1. The appellant herein is duped by the respondent. The respondent who was already married to one Amarjeet Kaur suppressing this marriage and pretending that he was still a bachelor, married the appellant on 11.12.1977, according to Sikh rites and ceremonies at Jalandhar. Both of them lived as husband and wife for number of years at the matrimonial house, i.e. A-447, defense Colony, New Delhi. Two daughters were born out of this wedlock, on 18.2.1981 and 31.5.83 respectively. According to the appellant, she decided to complete her B.A. Degree, which she had left incomplete earlier before marriage. thereforee, she picked up her studies again. In April 1991, she went to Paghwara, Punjab, to take the exams. On 13.6.1991 when she returned, her mother-in-law did not allow her to go inside the house. She was, thus, deserted by the respondent. At that time she came to know that the respondent was already married to Smt. Amarjeet Kaur.

2. The appellant did not swallow this insult to her. She filed a criminal case against the respondent for committing bigamy (in this case the respondent has been convicted). She also filed a petition under Sections 18 and 20 of the Hindu Adoption and Maintenance Act (in short the 'Act') claiming recovery of maintenance and right of residence from the respondent. She claimed decree of maintenance at the rate of Rs. 12,000/- per month plus rent of residence and also prayed for necessary charge on the matrimonial house A-447, defense Colony for securing the right of maintenance. The petition was filed as an indigent person under Order XXXIII Rule 1 CPC, which was allowed.

3. This petition was originally filed in this Court. On 28.8.1997, order was passed directing the respondent to pay interim maintenance of Rs. 5,000/- to the petitioner. Vide order dated 2.3.2000, the Court ordered for payment of a further sum of Rs. 10,000/- to the appellant by way of interim maintenance. Thereafter, vide order dated 28.4.2000 further maintenance of Rs. 5,000/- was allowed. Application for interim maintenance was ultimately decided by the Court vide order dated 11.1.2002 granting interim maintenance of Rs. 400/- per month. The quantum was challenged by the appellant by filing appeal before the Division Bench, which enhanced the maintenance to Rs. 700/- from 1.8.2003 vide orders dated 25.7.2002. On further appeal to the Supreme Court, this interim maintenance was enhanced to Rs. 1,500/- per month with effect from May 2004 till the disposal of the suit, vide order dated 21.4.2004.

4. On enhancement of the pecuniary jurisdiction of the District Courts, the petition was transferred to the District Court on 27.11.2003. The respondent did not file the written statement and ultimately vide order dated 11.10.2004 the right of the respondent to file the written statement was struck off. The appellant appeared in the witness-box and submitted her affidavit by way of evidence (Ex. PW 1/1). She also proved various other documents showing financial status of the respondent as well as the appellant's mother-in-law. The respondent did not lead any evidence.

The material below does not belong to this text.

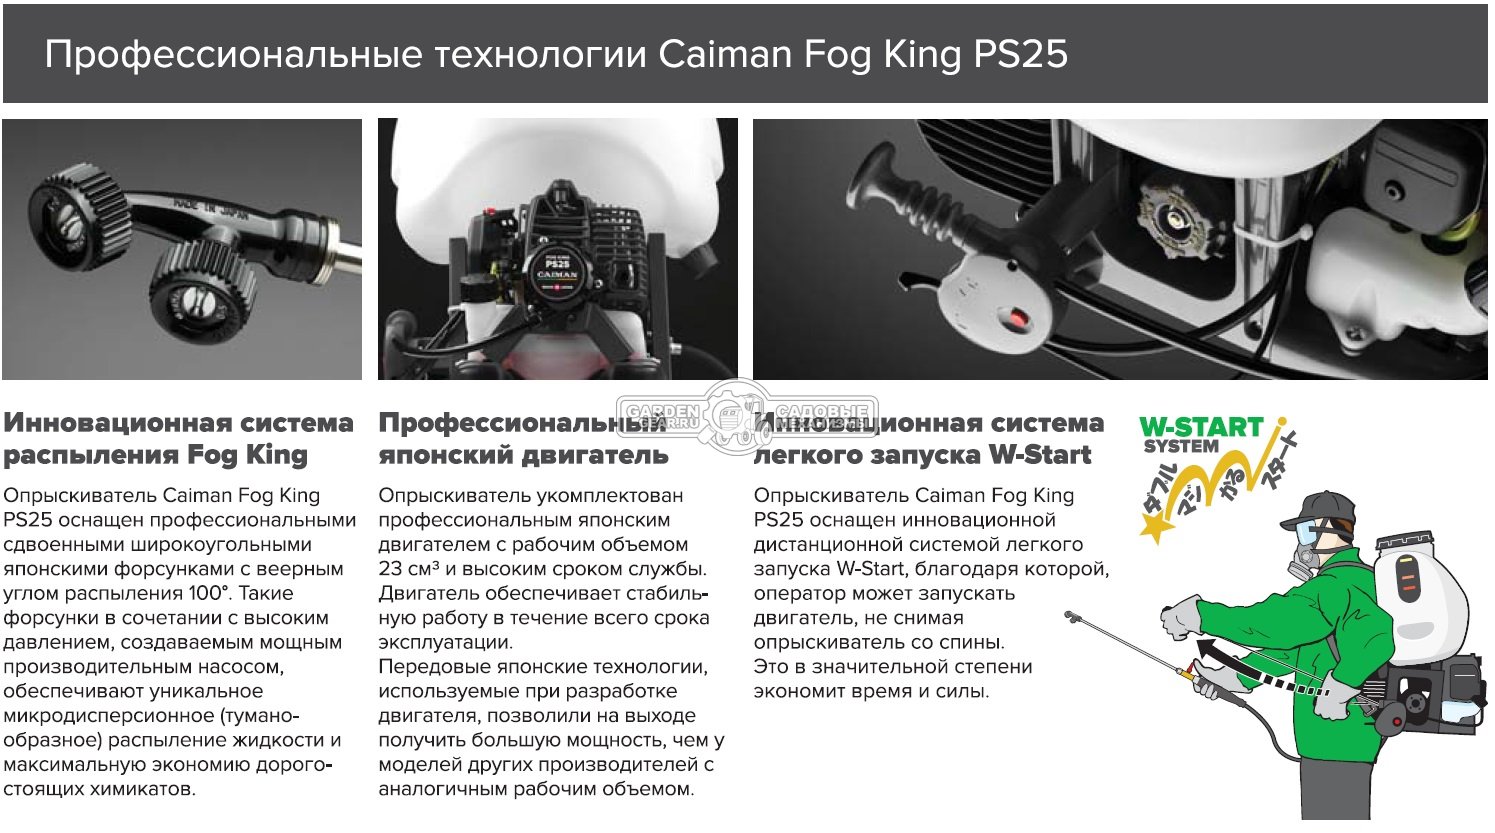 Опрыскиватель бензиновый Caiman Fog King PS25 (JPN, распыление давлением, Maruyama BE230P, 22,5 куб.см., 25 л., 35 бар, 8,8 кг.)

5. The learned trial court, however, has dismissed the petition of the petitioner vide impugned order dated 13.7.2005. This petition is not dismissed on merits but on the ground that such a petition filed by the appellant under Section 18 of the Act claiming maintenance from the respondent is not maintainable as the appellant is not a legally wedded 'wife' of the respondent. This finding is arrived at by the learned trial court on the premise that since the respondent was already married to one Amarjeet Kaur, his second marriage with the appellant was clearly void and of no legal effect. It is held that under Section 18 of the Act, petition can be filed by a legally wedded wife and not by a person who is not lawfully married and for this conclusion the learned trial court has drawn the support from the judgment of the Supreme Court in the case of Savitaben Somabhai Bhatiya v. State of Gujarat AIR 2005 SC 2141 and of this Court in the case of Suresh Khullar v. Vijay Khullar : AIR2002Delhi373 . Challenging this judgment, present appeal is filed.

6. The appellant argued the appeal herself whereas Mr. Ranjit Singh, Advocate, appeared for the respondent. learned Counsel for the respondent relied upon the reasoning given by the trial court in dismissing the petition of the appellant herein. His submission was that since the appellant was not legally wedded wife, she could not file petition under Section 18 of the Act, as held by the Supreme Court in Savitaben Somabhai Bhatiya (supra).

7. The appellant, on the other hand, submitted that it is the respondent who suppressed the factum of first marriage and on his representation that he was a bachelor, the appellant and the appellant married the respondent on 11.12.1977. They lived as man and wife for 14 years before the appellant was denied entry into the house and was deserted by the respondent on 14.4.1991. In such circumstances, it was not open to the respondent to take advantage of his own wrong and deny maintenance to the appellant, who was not a 'concubine' of the respondent who lived with him by marrying him.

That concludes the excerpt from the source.